Israel Lobbies US Lawmakers Against Iran Deal

Israel Lobbies US Lawmakers Against Iran Deal

Israeli Prime Minister Benjamin Netanyahu has launched a US television news blitz to denounce the White House's preliminary deal to rein in Iran's nuclear programme.

Dismissing the pact as a deeply flawed framework, Mr Netanyahu pressed American lawmakers not to give Tehran "a free path to the bomb".

He said he had spoken with nearly two thirds of US House of Representatives' members and a similar number in the Senate, both Democrats and Republicans, about the issue.

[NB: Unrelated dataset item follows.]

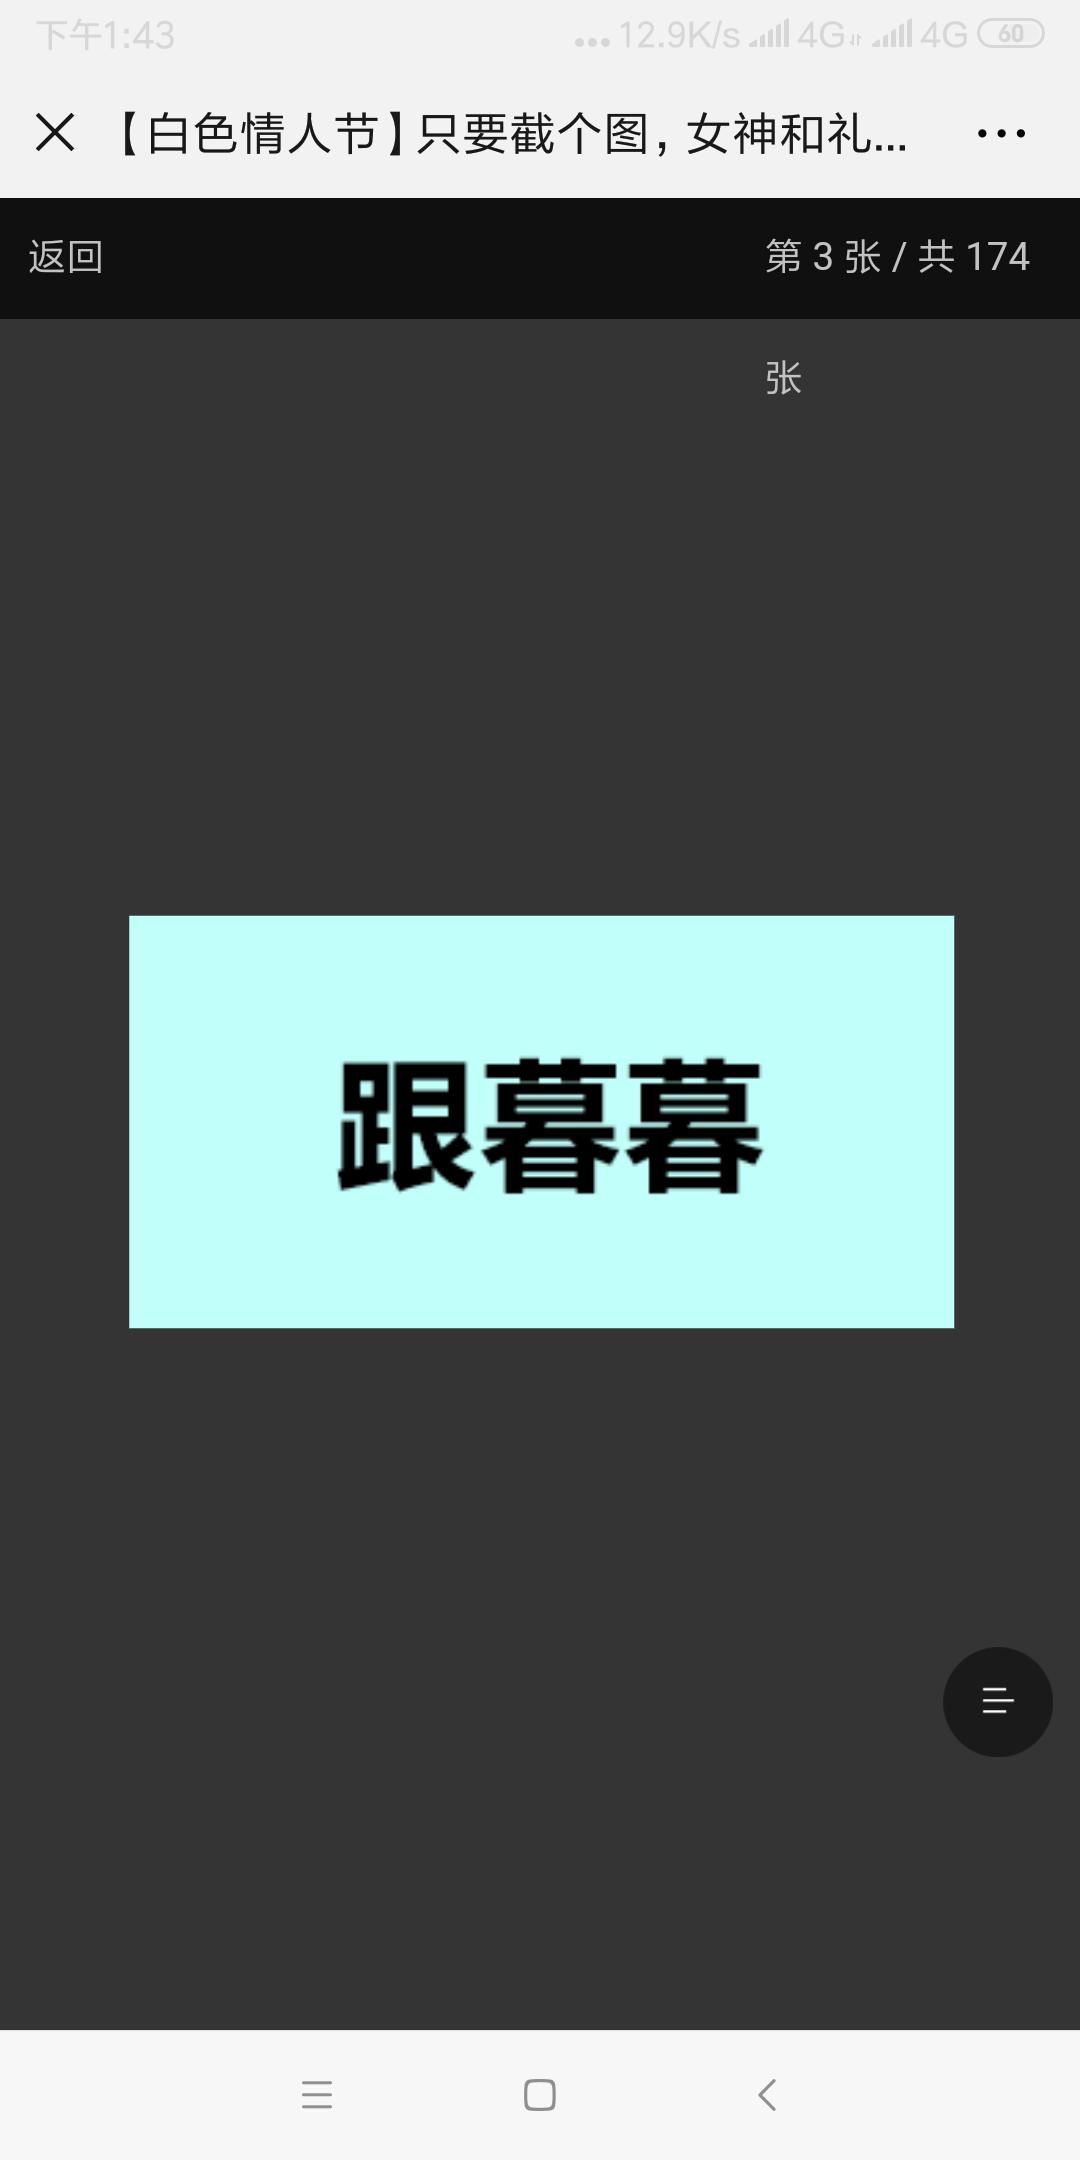 Screenshot_2019-03-14-13-43-08-535_com.tencent.mm.png

The agreement was announced on Thursday in Lausanne, Switzerland , after years of negotiations between the US, Britain, France, Russia, China and Germany on one side and Iran on the other.

The negotiations, which have a 30 June deadline for final agreement, aim to significantly pare back Iran's nuclear technology while easing international sanctions on Tehran.

If enacted, the deal would strip down Iran's programme, which it insists is peaceful, for a decade and curtail other parts of it for another five years.

But Mr Netanyahu, who has said Iran's nuclear efforts threaten Israel's very existence, believes the deal leaves too much of Tehran's programme intact.

He told CNN's State of the Union: "This is a world issue because everyone is going to be threatened by the pre-eminent terrorist state of our time, keeping the infrastructure to produce not one nuclear bomb but many, many nuclear bombs down the line."

Appearing on NBC's Meet the Press, Mr Netanyahu said: "I'm not trying to kill any deal.

"I'm trying to kill a bad deal."

Meanwhile, the chairman of the Senate Foreign Relations Committee said Congressional scrutiny of the agreement would be vital.

"It's very important that Congress is in the middle of this, understanding, teasing out, asking those important questions," Senator Bob Corker told Fox News Sunday.

Republicans, who control both chambers of Congress, and some Democrats are preparing legislation which would entail a vote in Congress on any Iran deal.

Mr Obama has said he would veto legislation demanding an up-or-down vote on the pact.

It is unclear whether opponents of the deal would be able to muster the votes needed to override such a veto.

Relations between Israel and the US were badly damaged when Mr Netanyahu last month addressed Congress to attack the nuclear talks, in a trip organised without consulting the White House in advance.